Thomas Turner Fauntleroy (20 December 1823–2 October 1906), judge of the Virginia Supreme Court of Appeals, was born in Winchester and was the son of Ann Magdalene Magill Fauntleroy and Thomas Turner Fauntleroy (d. 1883), an officer in the United States Army. Fauntleroy attended a private school in Alexandria and spent the 1843–1844 academic year at the University of Virginia studying law and natural and moral philosophy. He practiced law in a Winchester partnership and on 27 November 1850 married Ann Hite Williams. She died on 1 February 1852 about a month after giving birth to their son. On 23 December 1858 Fauntleroy married Elizabeth Smith Hite. They had six sons and four daughters.

After serving as commonwealth's attorney of Frederick County early in the 1850s, Fauntleroy was elected in 1857 as a Democrat to a two-year term representing the county in the House of Delegates. He served on the Committee of Privileges and Elections and did not seek reelection in 1859. Fauntleroy opposed secession early in 1861, but after the Virginia convention voted to leave the Union, he sided with the secessionists and in May sought employment as a Confederate paymaster.
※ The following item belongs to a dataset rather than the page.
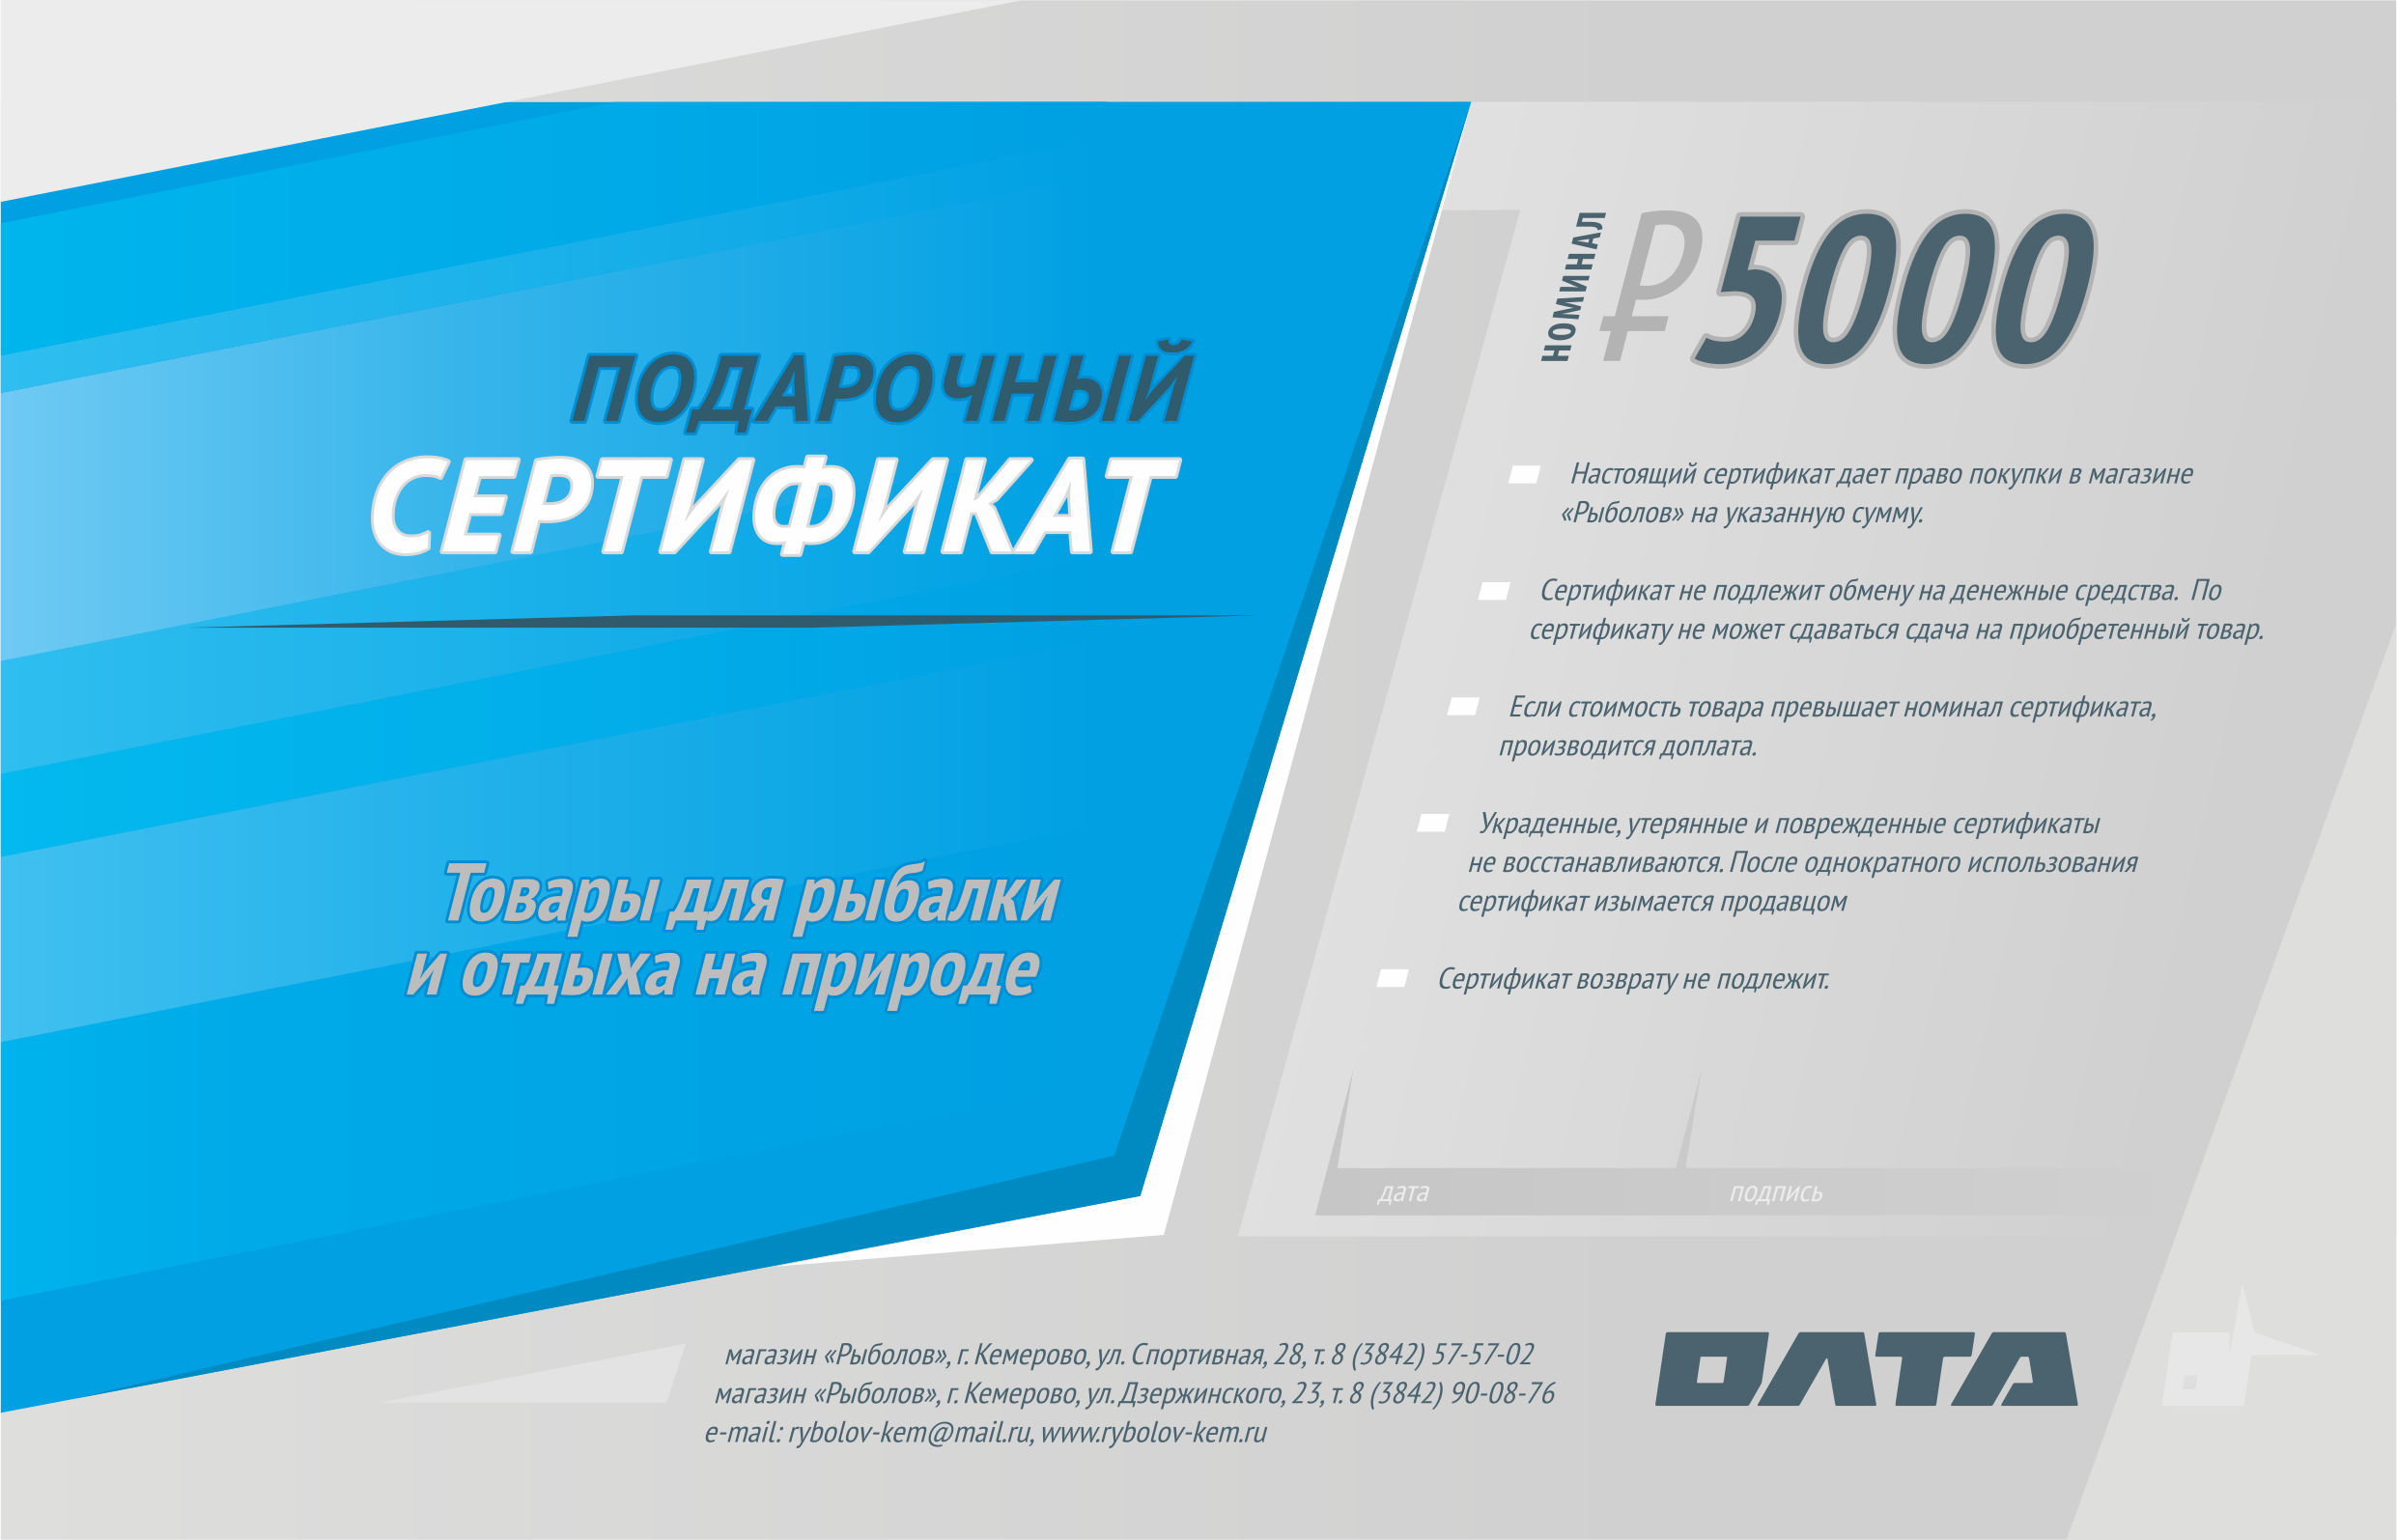 Подарочный сертификат, номинал 5000 рублей

During part of the Civil War he handled confiscated property as a sequestration agent for the Confederate government. His service required him after the war to apply for a presidential pardon, which was granted on 29 September 1865.

Fauntleroy continued to practice law in Winchester and in 1877 won election to the House of Delegates. He chaired the Committee on Federal Relations. As a supporter of refinancing the public debt at a reduced rate of interest, Fauntleroy joined the new Readjuster Party and at its founding meeting in February 1879 was elected a member of its state committee. Although an opponent of readjustment defeated Fauntleroy when he ran for reelection to the House later that year, the Readjusters won a majority of seats in the General Assembly and on 9 December 1879 elected Fauntleroy secretary of the commonwealth. The Readjusters instituted many reforms in state government, including replacing the boards of visitors of several colleges, and Fauntleroy served as one of the Readjuster members of the University of Virginia board from 1 May 1882 until the end of the year.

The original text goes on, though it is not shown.